Leitsatz (amtlich)
1. Der Gesetzgeber hat den Verordnungsgeber in § 21a Abs. 6 Satz 2 Nr. 3, Nr. 8 und Nr. 9 EnWG zur näheren Ausgestaltung der Qualitätsvorgaben und damit auch der Auswahl des methodischen Ansatzes ermächtigt und ihm einen weiten Gestaltungsspielraum eingeräumt. Davon hat der Verordnungsgeber mit §§ 18 ff. ARegV Gebrauch gemacht, indem er Vorgaben für ein Qualitäts-Anreizsystem normiert hat, das die Implementierung eines Q-Faktors in die Regulierungsformel zur Anpassung der Erlösobergrenze vorsieht.
2. Entsprechend § 32 Abs. 1 Nr. 6 ARegV kann die Regulierungsbehörde den Beginn der Anwendung, die weitere Ausgestaltung und das Verfahren zur Bestimmung des Qualitätselements festlegen. Dabei steht ihr hinsichtlich der weiteren Ausgestaltung des Qualitätselements und der Methodik sowie des Verfahrens seiner Bestimmung ein "Gestaltungsspielraum" zu, der nur einer eingeschränkten gerichtlichen Kontrolle unterliegt.

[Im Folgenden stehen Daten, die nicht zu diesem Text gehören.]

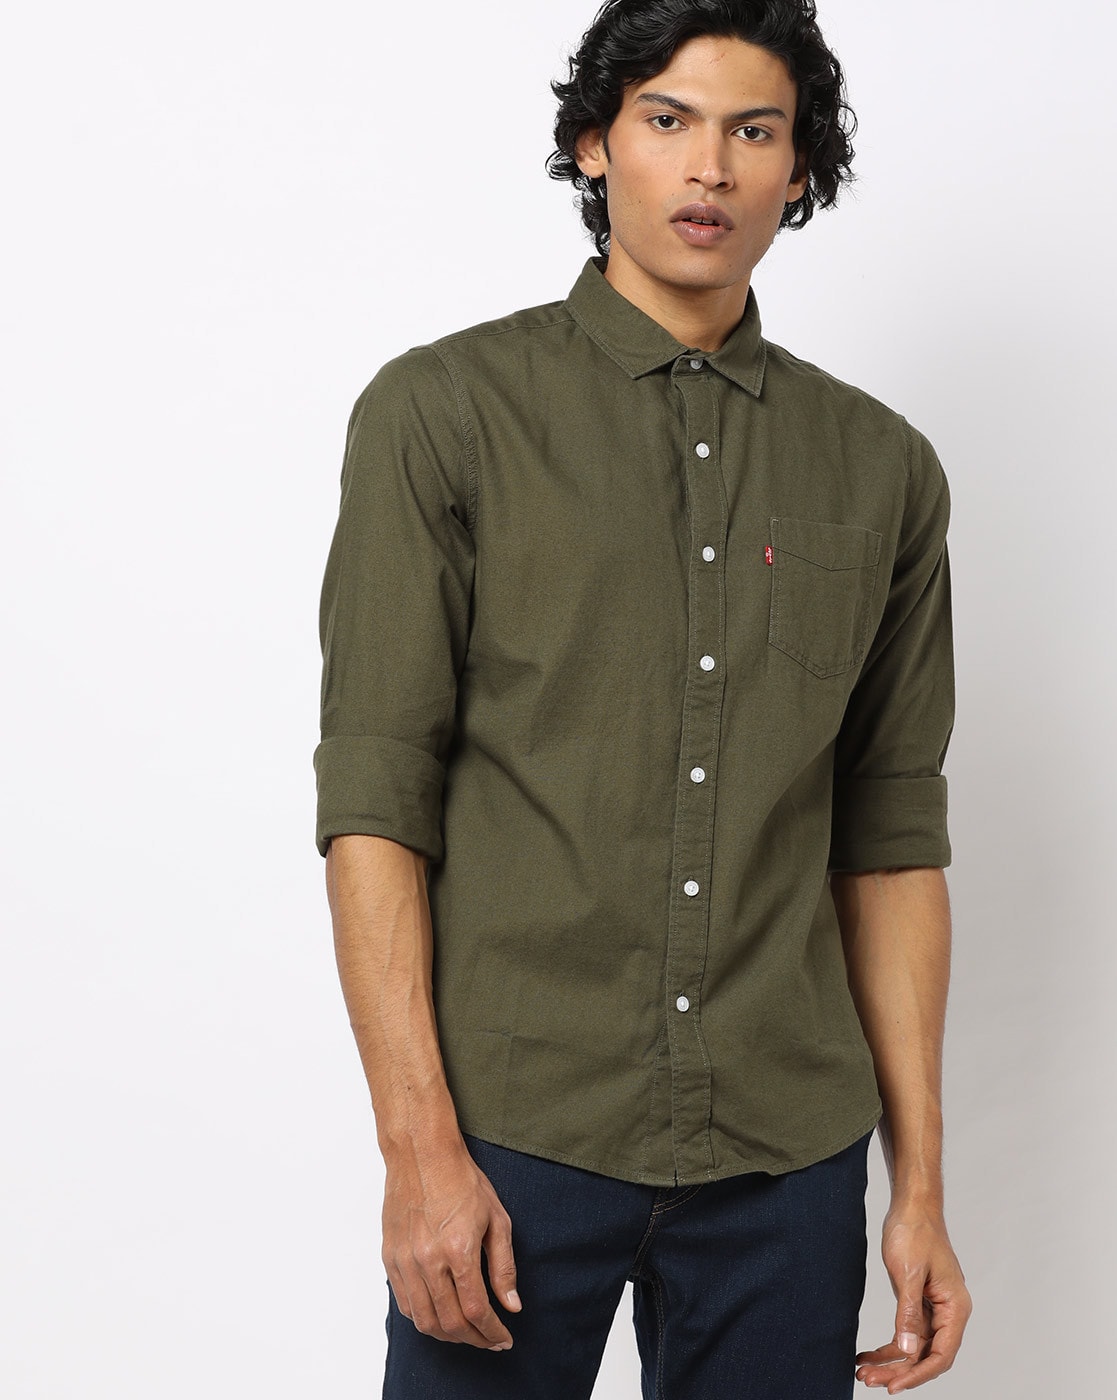 Buy Olive Green Shirts for Men by LEVIS Online

3. Die Entscheidung der Regulierungsbehörde, das Qualitätselement ab einem von ihr bestimmten Zeitpunkt anzuwenden, setzt lediglich voraus, dass sie prognostisch anhand von ihr darzulegender Tatsachen und Anknüpfungspunkte die Einschätzung trifft, dass sie bis zu dem von ihr in den Blick genommenen Anwendungszeitpunkt über die geforderten hinreichend belastbaren Datenreihen verfügt, mit denen sie die Referenzwerte und damit auch das individuelle Qualitätselement bestimmen kann.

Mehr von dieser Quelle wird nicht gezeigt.